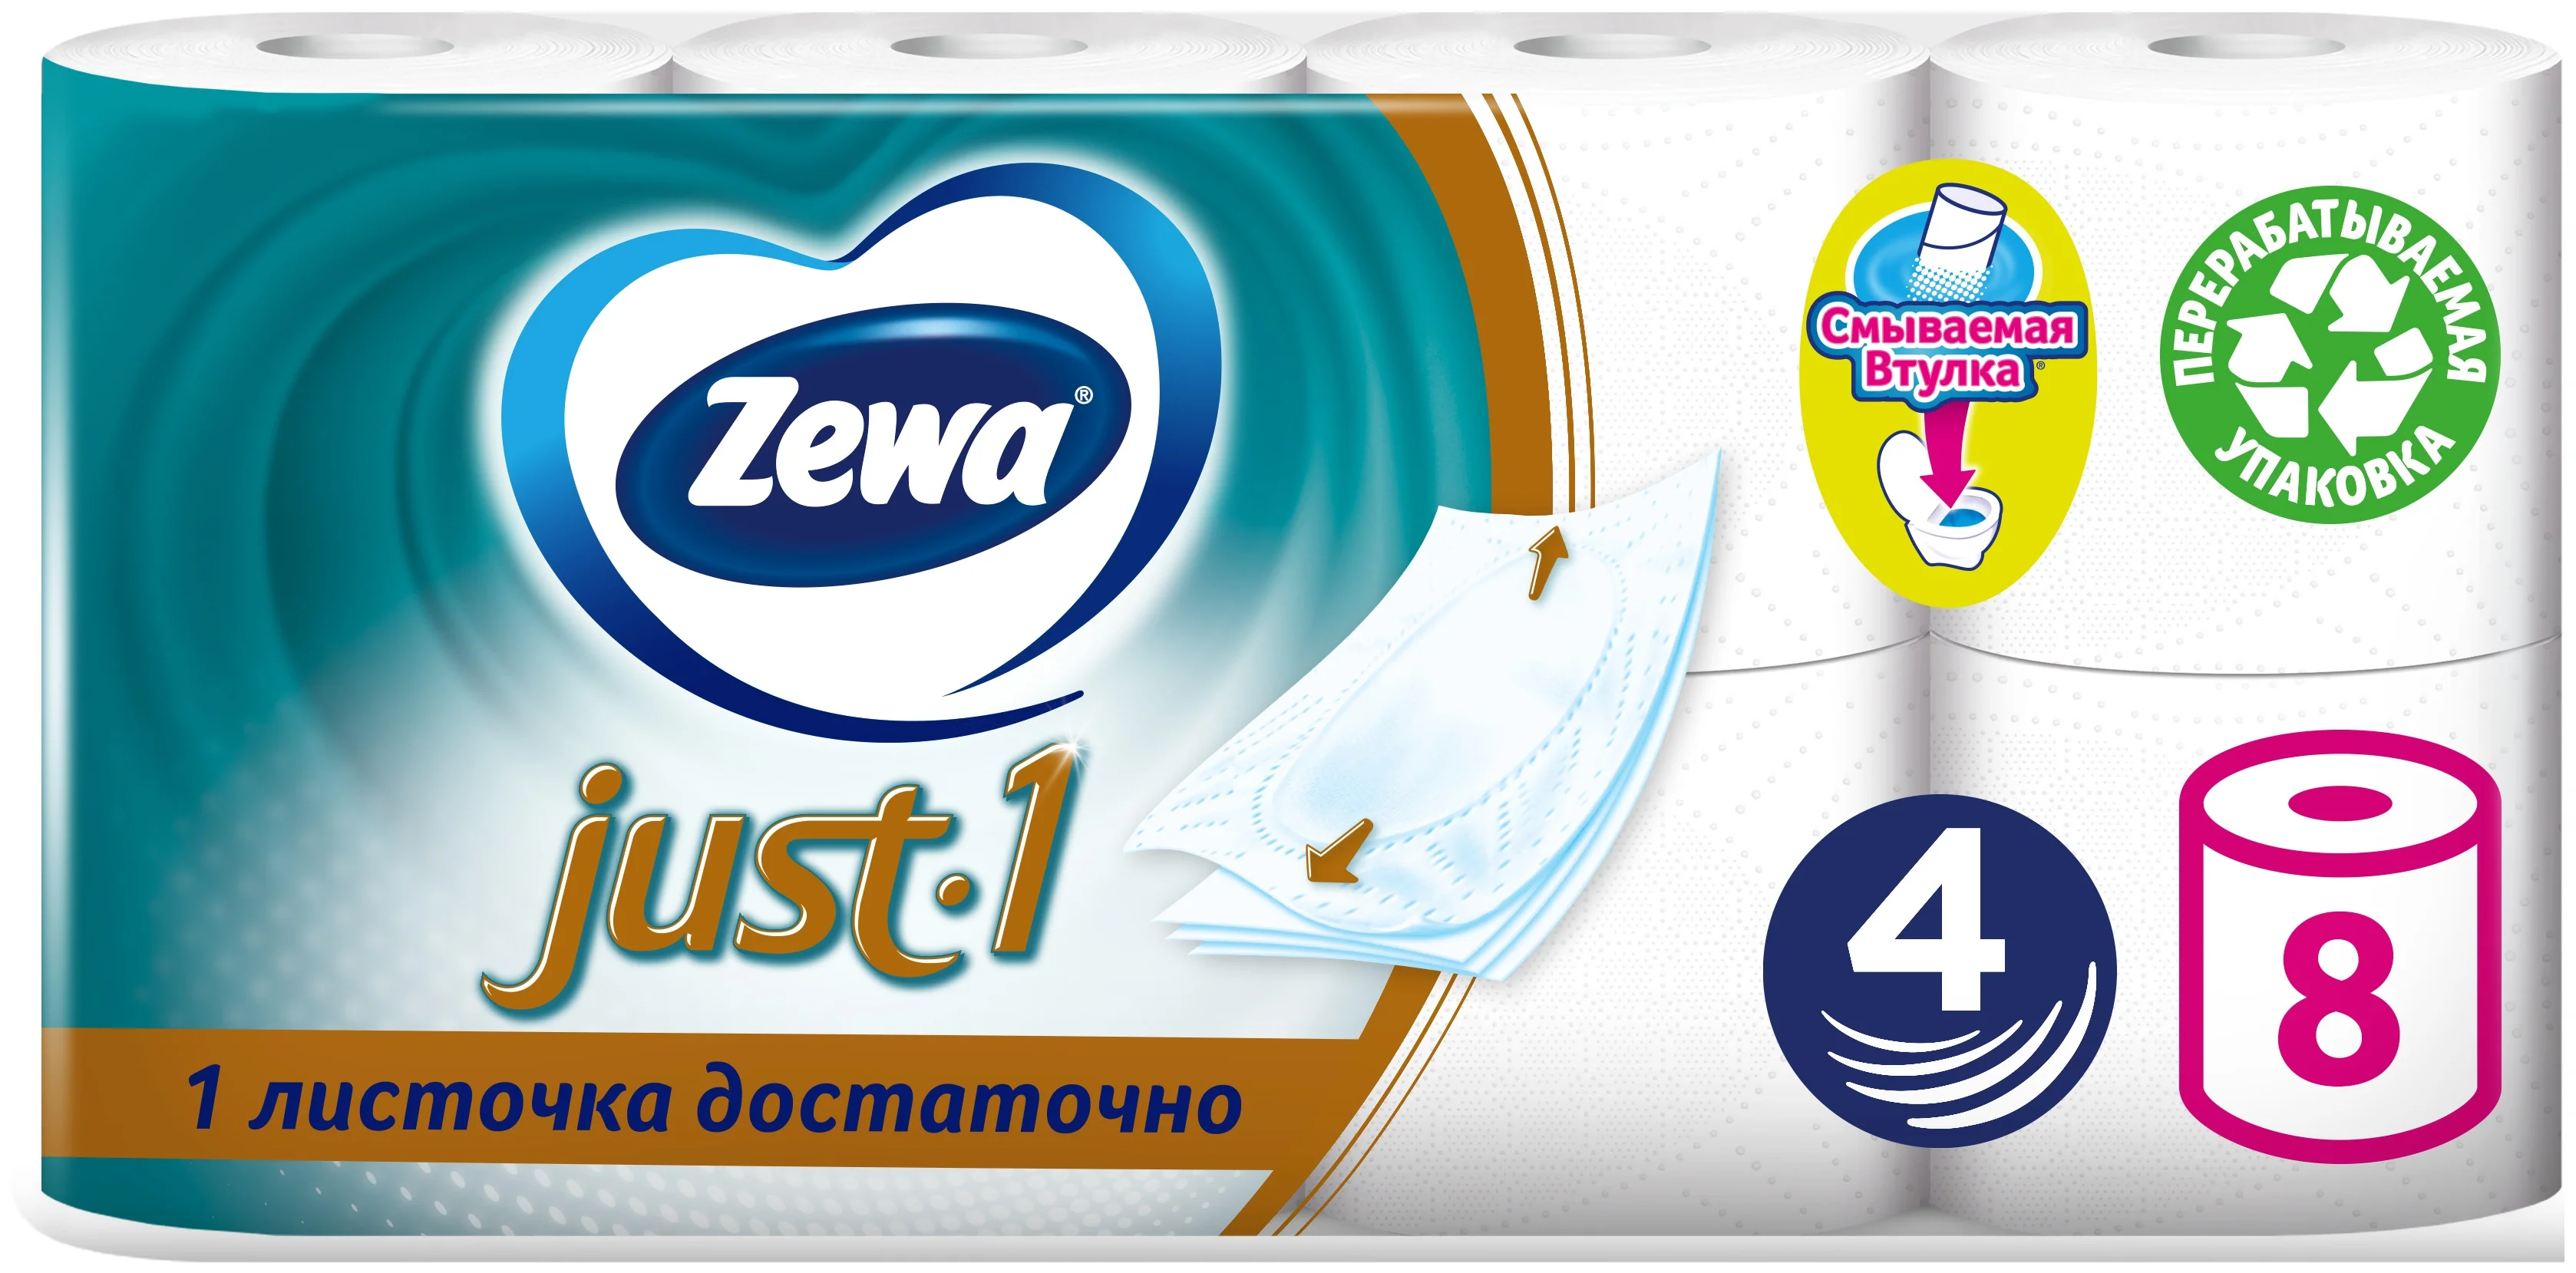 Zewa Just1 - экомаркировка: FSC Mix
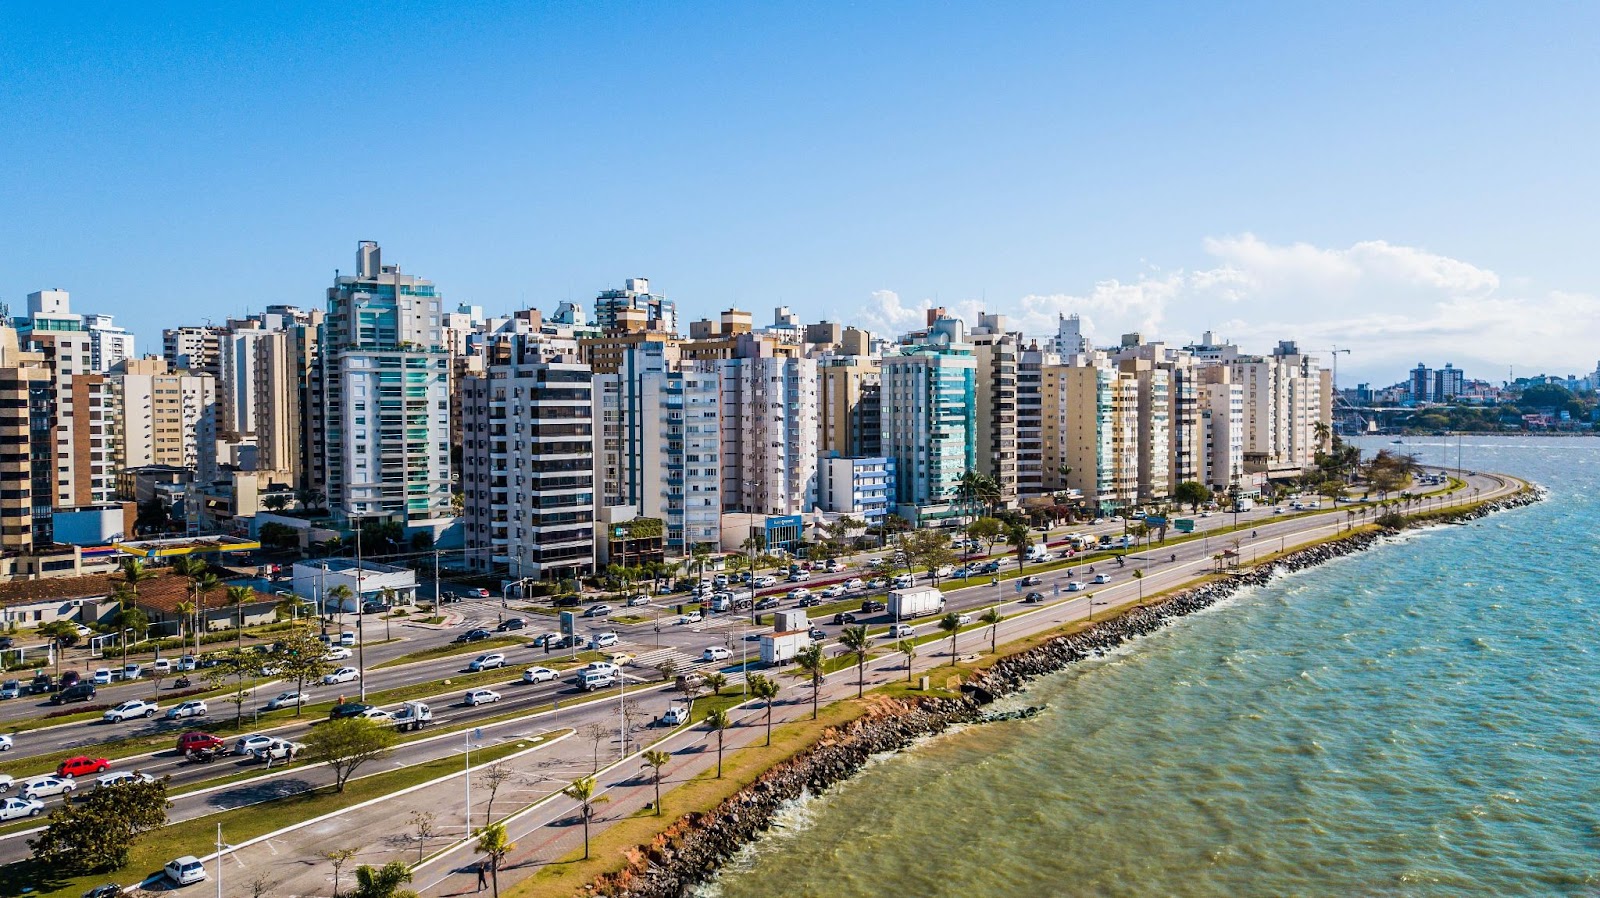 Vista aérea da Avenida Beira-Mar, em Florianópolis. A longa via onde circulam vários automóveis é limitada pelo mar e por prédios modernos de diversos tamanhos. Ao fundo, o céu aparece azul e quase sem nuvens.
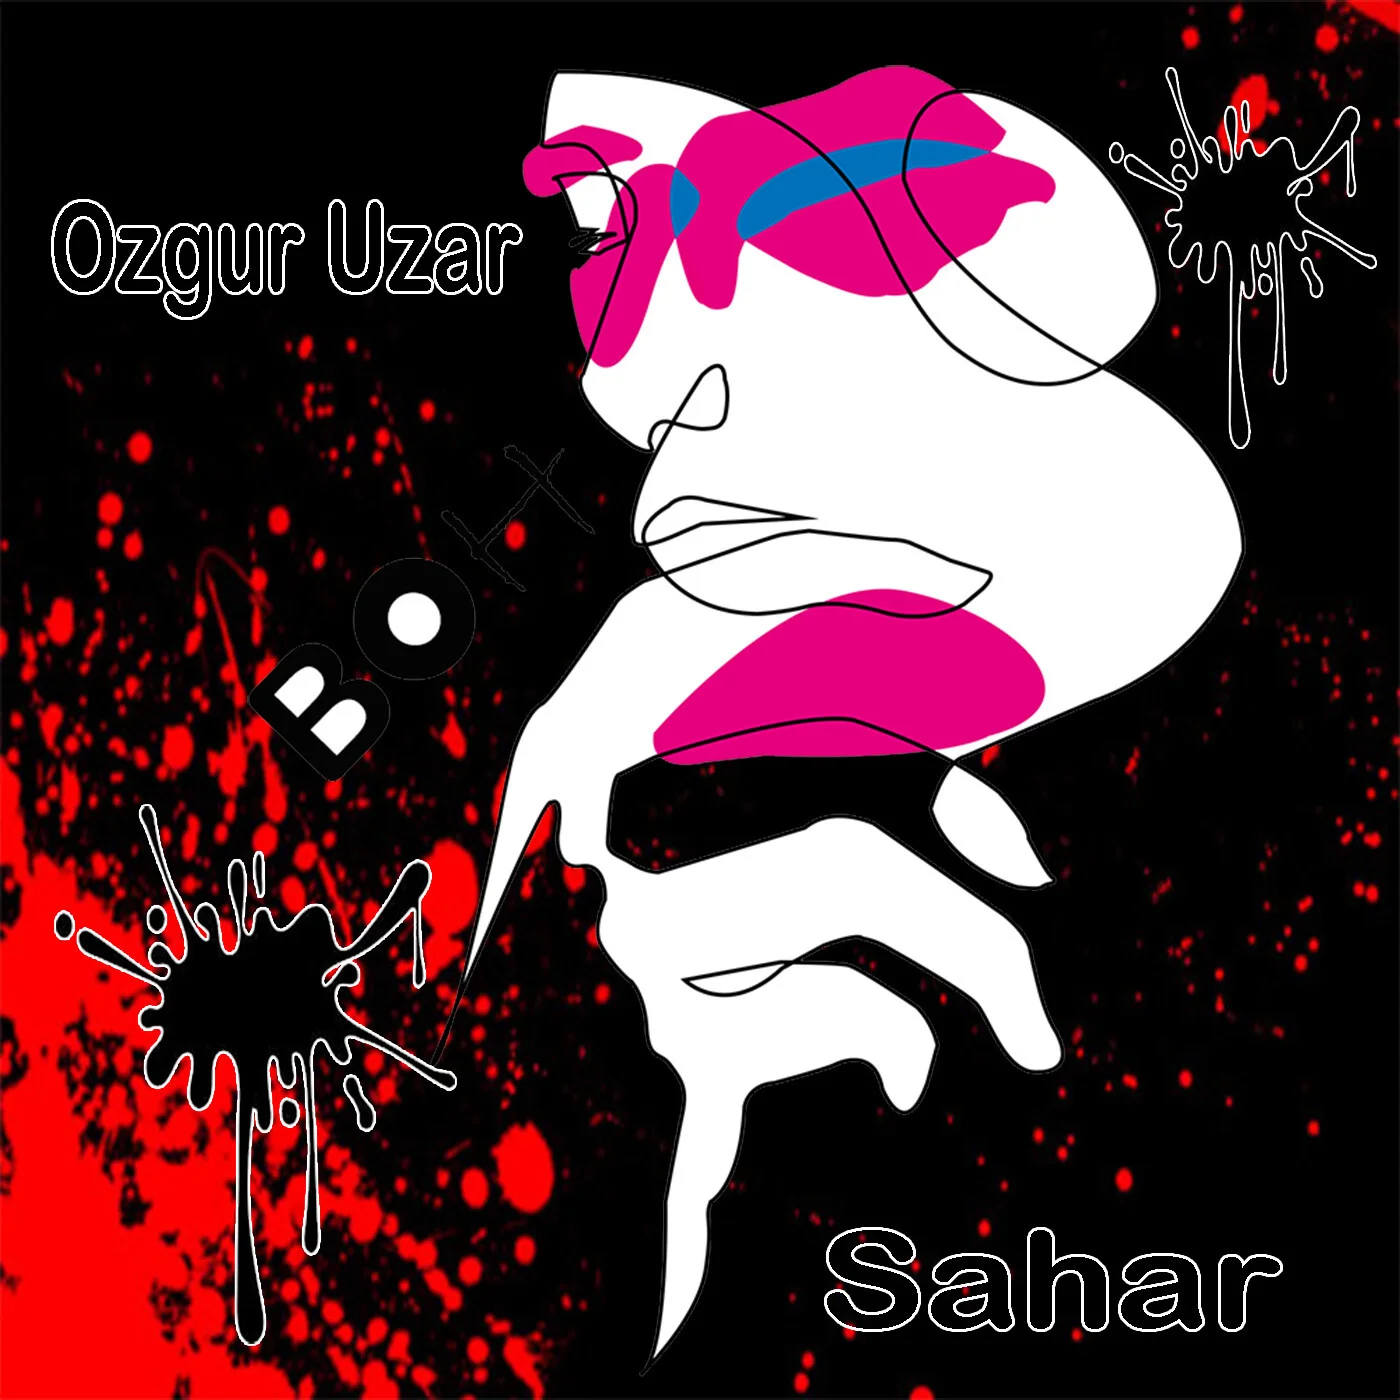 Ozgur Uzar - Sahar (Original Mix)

• • • • •

- [WHAT THE EXERCISE ASKS] When you reach the line that contains "Vista aérea da", start copying the listing word for word and stop only after its last line, without any pictures.

- [YOUR RESPONSE]
 Vista aérea da Avenida Beira-Mar, em Florianópolis. A longa via onde circulam vários automóveis é limitada pelo mar e por prédios modernos de diversos tamanhos. Ao fundo, o céu aparece azul e quase sem nuvens.
 Ozgur Uzar - Sahar (Original Mix)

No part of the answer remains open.